Passenger & boot space
How it copes with people and clutter
You’ll have no complaints up front in the 1 Series; there are bigger cars in the class, but compared with its premium rivals it has the most head and leg room, and lots of elbow room, too.
The door bins are a decent size, and you also get a big glovebox and a generous cubby hole under the central armrest. Combined with the tray at the front of the centre console, you'll have plenty of places for your bits and pieces.
This is one of the areas in which this third-generation 1 Series makes the most notable progress over its predecessors. The space on offer is now slightly ahead of its premium rivals, although it still looks a tad stingy in the rear compared with the Seat Leon or palatial Skoda Octavia.
Six-footers will feel their heads just brushing the roof lining, but anyone shorter should be comfortable, even on longer journeys, and there’s slightly more leg room than you get in a Mercedes A-Class, and more foot space under the front seats, too. We'd recommend avoiding the optional panoramic sunroof, though, which creates a curve in the roof lining that swoops down in front of a rear passenger's eye line.
Seat folding and flexibility
As with the A-Class or the Audi A3, there's nothing particularly amazing about the seating flexibility here – you have to pay extra for front passenger adjustable lumbar support on all trims and there are no sliding or reclining rear seats.
Like the entry-level A3 you even have to make do with 60/40 split-rear seats as standard; these aren't as adaptable as the 40/20/40 arrangement that every A-Class gets. Mid-spec A3’s and upwards get 40/20/40 split-folding seats, but in the 1 Series, it’s reserved for the options list across the range.
At 380 litres, the 1 Series’ boot is exactly the same size as the A3’s, and is bigger than the A-Class’s on paper. However, that impressive figure includes the generous space found underneath the boot floor, so in terms of usable space above the floor, the 1 Series actually lags behind the A-Class.

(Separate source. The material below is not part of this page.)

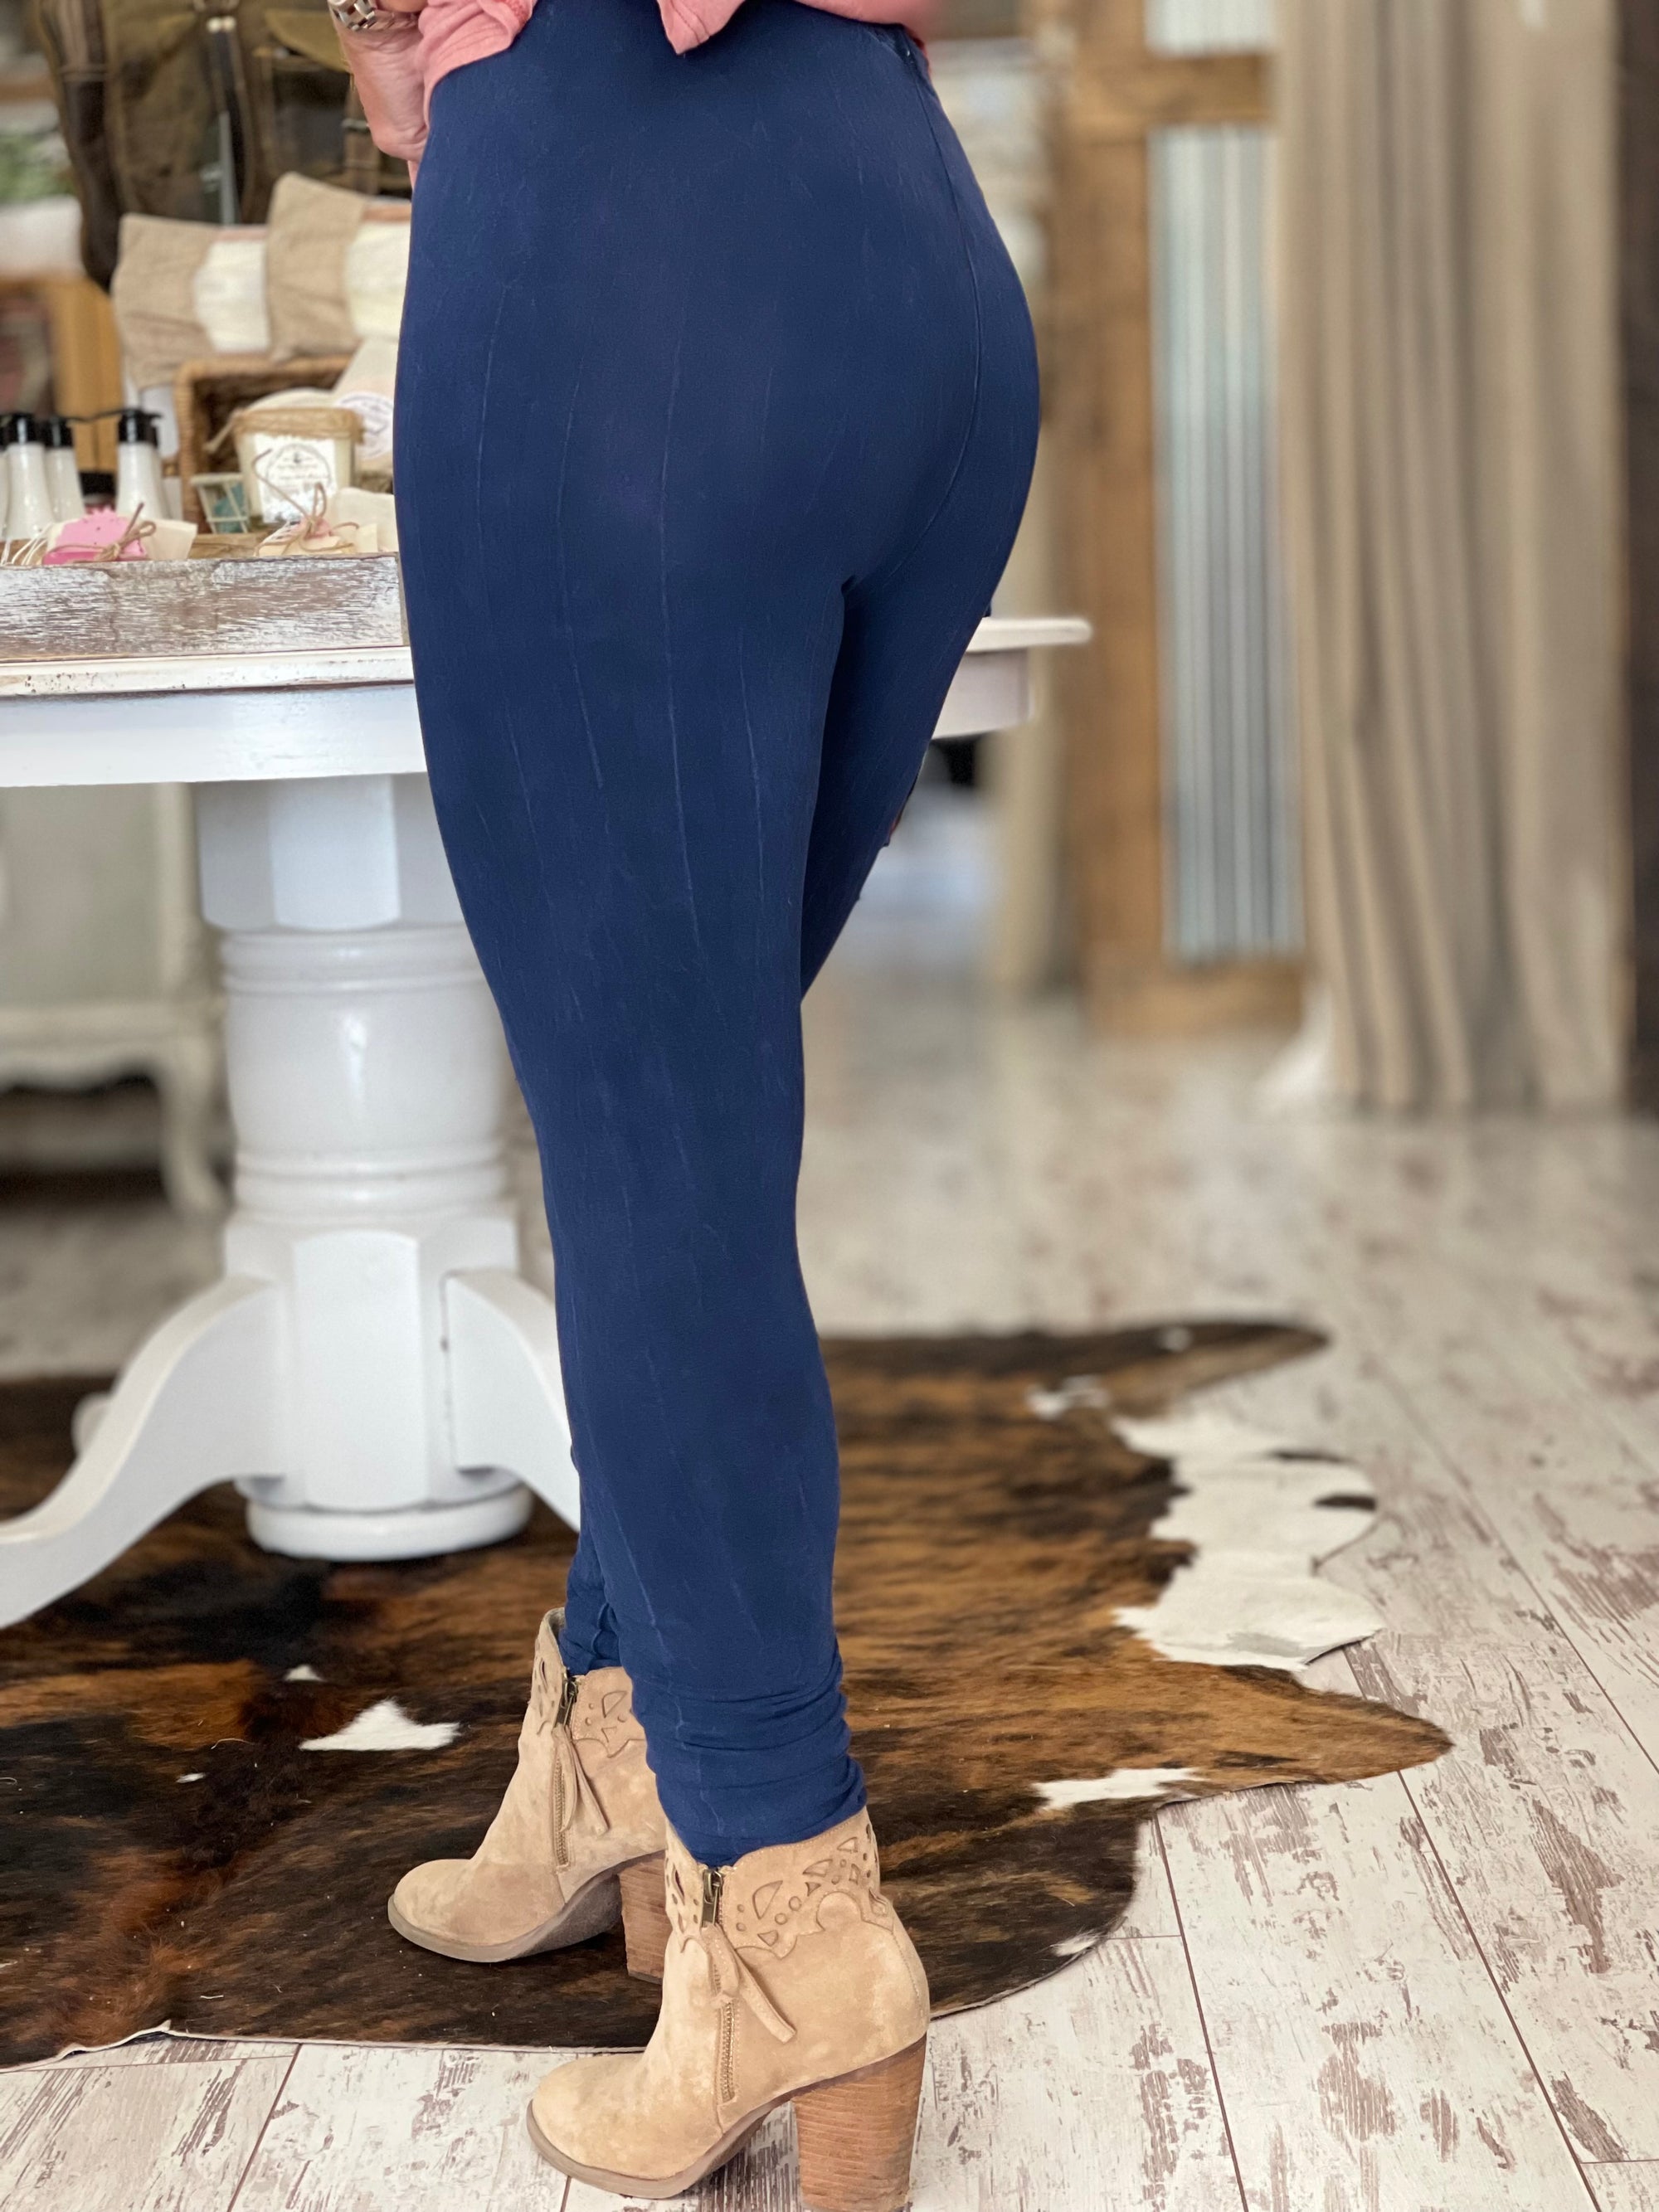 Aviana Navy Blue Velvet High-Waisted Leggings #navy #blue #leggings #outfit  Lounge in luxury … | Outfits with leggings, Blue leggings outfit, Velvet leggings  outfit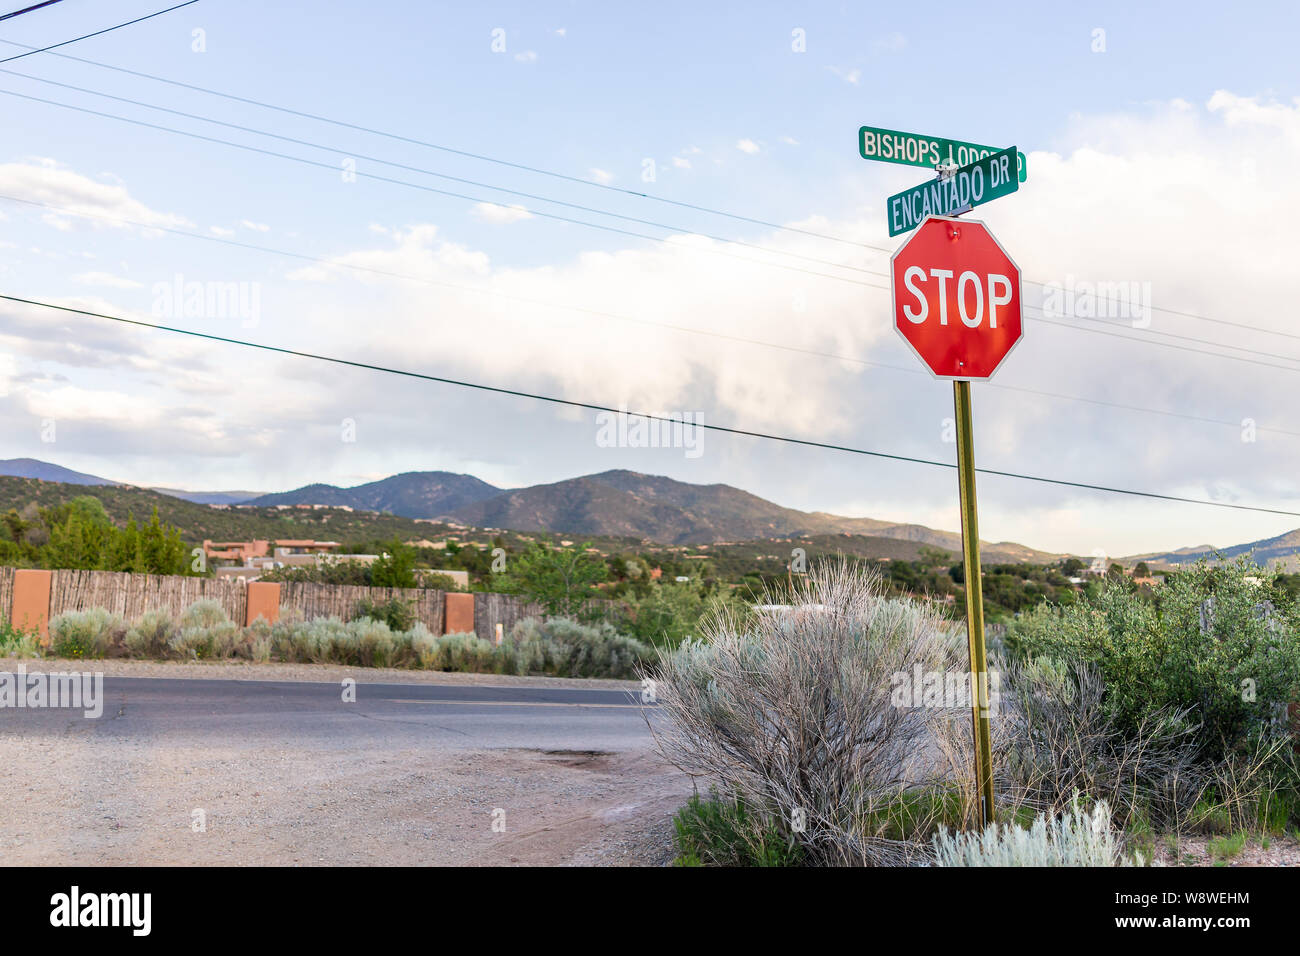 Stop-Schild am Schnittpunkt von Encantado fahren und Bischöfe Lodge Road in Santa Fe, New Mexico am Abend Sonnenuntergang und Berge Stockfoto

While the boot's boxy shape makes it easy to maximise the space available, ultimately it won't take as much luggage as an A-Class. We were able to get six carry-on cases into the latter below its parcel shelf, while the 1 Series managed five – the same number as the A3.
On the plus side, the boot floor can be clipped out of the way when you're loading items beneath the floor, and there's only a small load lip. You can also add an electric tailgate as a cost option.